Introduction

In the last chapter it has been shown how photographic processing may be used to form speckle pattern correlation fringes (Section 3.3). The resolution of the recording medium used for this technique need be only relatively low compared with that required for holography since it is only necessary that the speckle pattern be resolved, and not the very fine fringes formed by the interference of object and holographic reference beams. The minimum speckle size is typically in the range 5 to 100 μm (Section 3.1) so that a standard television camera may be used to record the pattern. Thus video processing may be used to generate correlation fringes equivalent to those obtained photographically. This method is known as Electronic Speckle Pattern Interferometry or ESPI and was first demonstrated by Butters and Leendertz (1). Similar work has since been described by Biedermann et al. (2) and Løkberg et al. (3,4). The major feature of ESPI is that it enables real-time correlation fringes to be displayed directly upon a television monitor without recourse to any form of photographic processing, plate relocation etc.
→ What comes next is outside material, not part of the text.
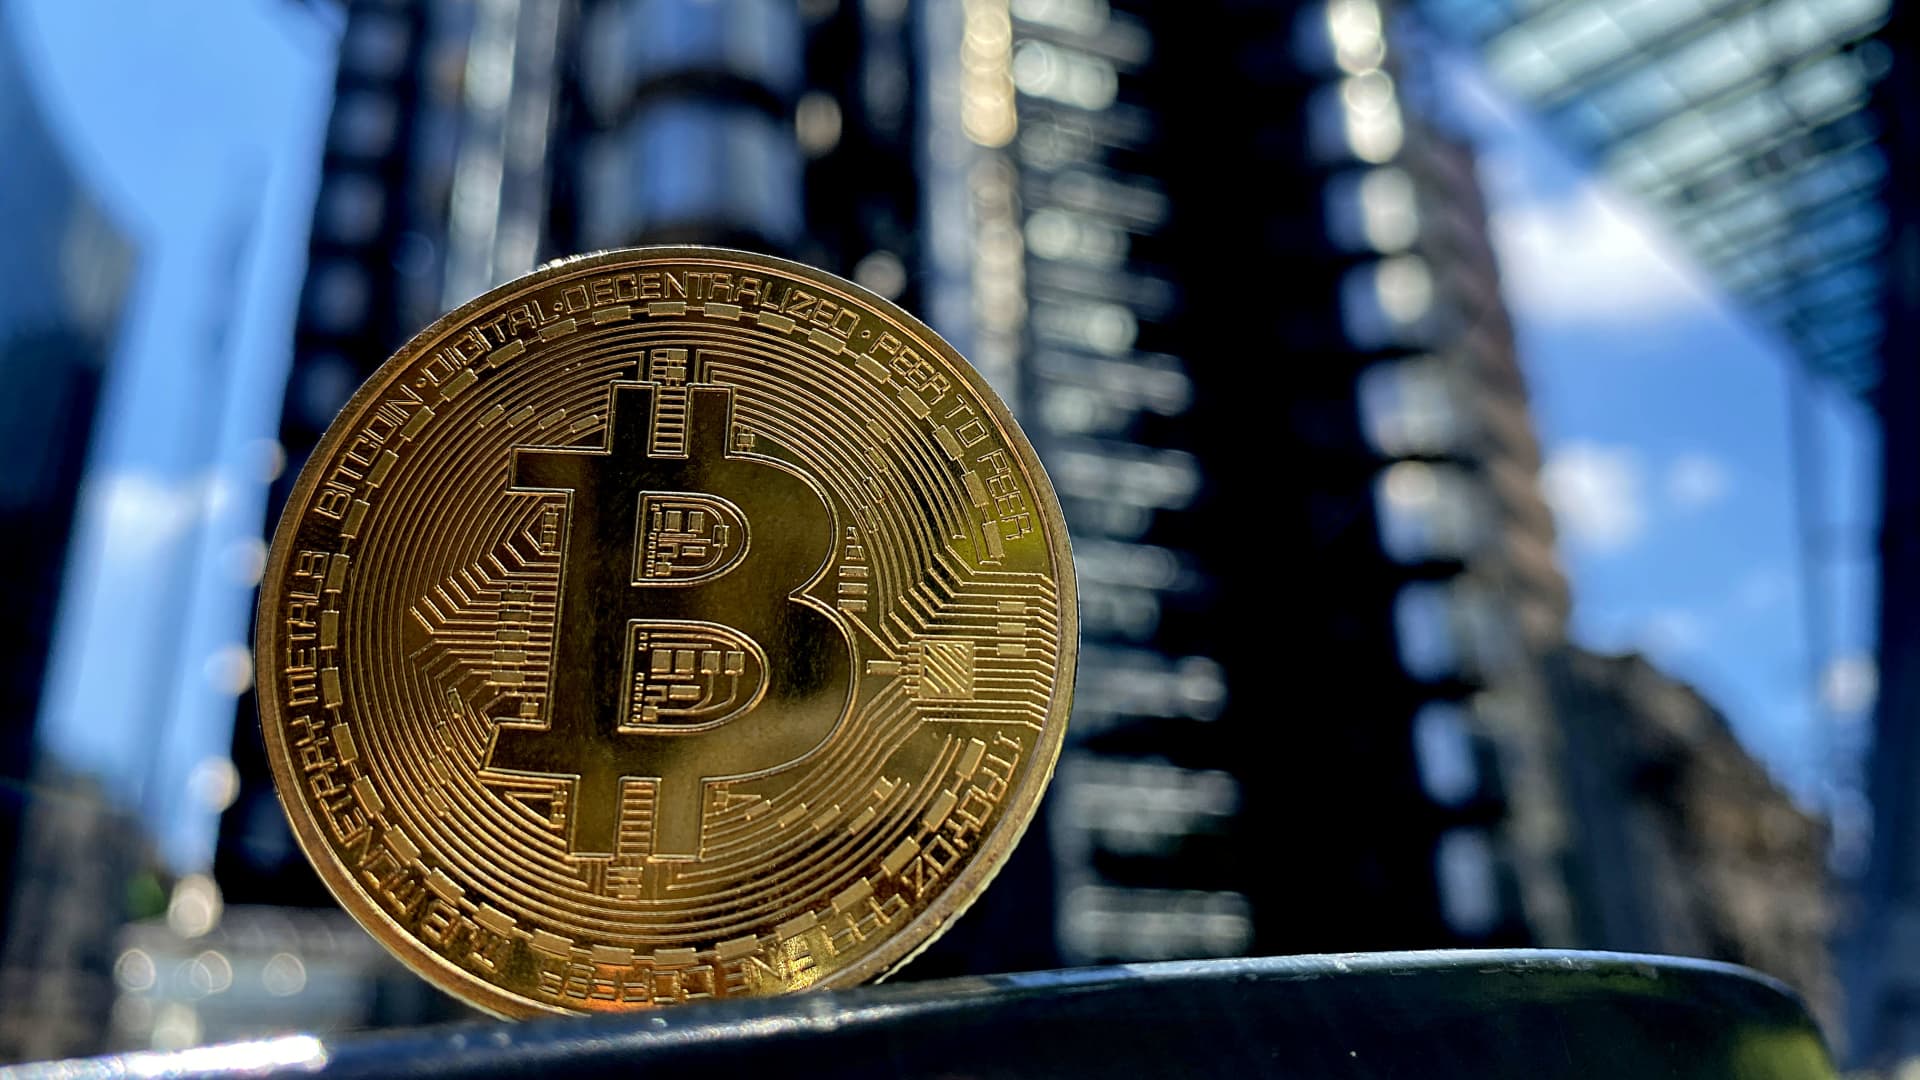 Bitcoin has climbed more than 10% this week, outperforming stocks

This comparative ease of operation allows the technique or speckle pattern correlation interferometry to be extended to considerably more complex problems of shape measurement (Chapter 5) and deformation analysis (Chapter 7).

Intensity correlation in ESPI is observed by a process of video signal subtraction or addition. In the subtraction process, the television camera video signal corresponding to the interferometer image-plane speckle pattern of the undisplaced object is stored electronically.